I've since moved away from ONNX and to a more GGML style.

naillo · on July 18, 2023

Do you have any good resources or links on using ggml with wasm?

FL33TW00D · on July 18, 2023

I think the Whisper example is your best bet! https://github.com/ggerganov/whisper.cpp/tree/master/example...

bkitano19 · on July 18, 2023

Hey! This is what I've been working on, would love to chat, feel free to email

FL33TW00D · on July 18, 2023

Sure! My email is in my profile.

taminka · on July 18, 2023

what's the difference between onnx and ggml style?

FL33TW00D · on July 18, 2023

ONNX consumes a .onnx file, which is a definition of the network and weights.
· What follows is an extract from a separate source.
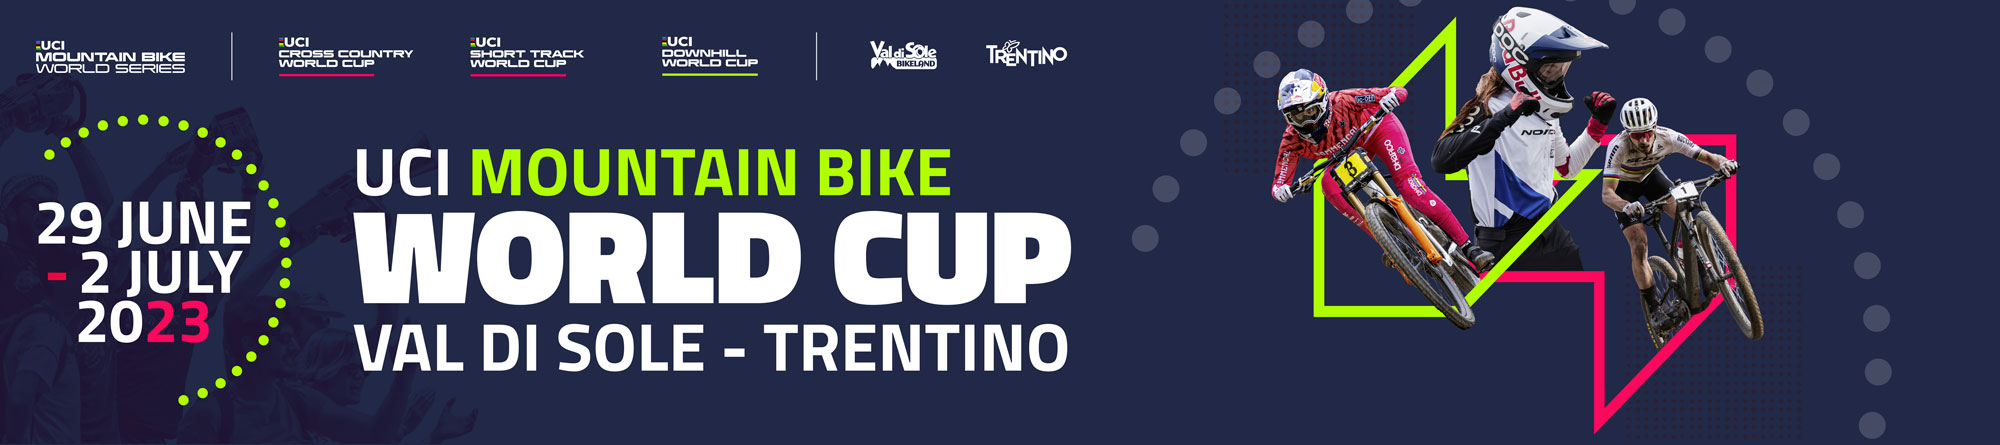 Ordini di partenza e classifiche - UCI Mountain Bike World Cup 2023
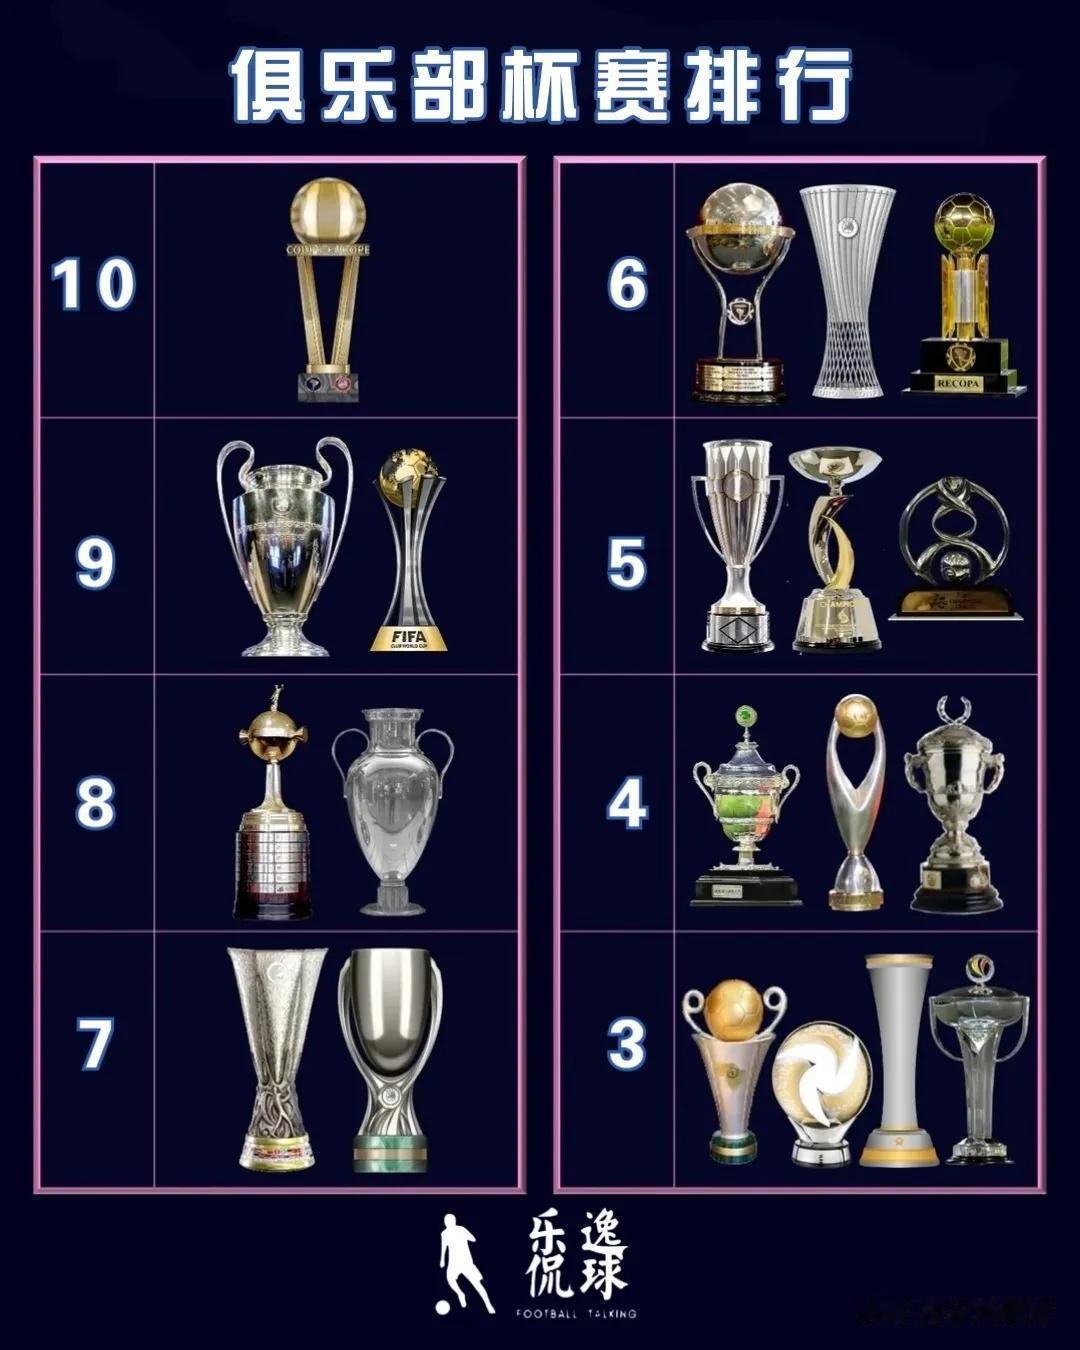 俱乐部杯赛有很多，比如洲际杯、世俱杯、欧冠、解放者杯、亚冠、非冠等等。假如根据杯

GGML instead just consumes the weights, and defines the network in code.

Being bound to ONNX means moving at a slower velocity - the field moves so fast that you need complete control.

michaelmior · on July 18, 2023

I haven't used ONNX or GGML, but presumably using GGML means you need to reimplement the network architecture?

FL33TW00D · on July 18, 2023

You do! But it offers quite a fluid API making it pretty simple. You can see my attempt at a torchesque API here: https://twitter.com/fleetwood___/status/1679889450623459328

aislamov · on May 1, 2023

No additional libraries required on Windows (even CUDA). For linux you'll need to install CUDA and onnxruntime gpu lib.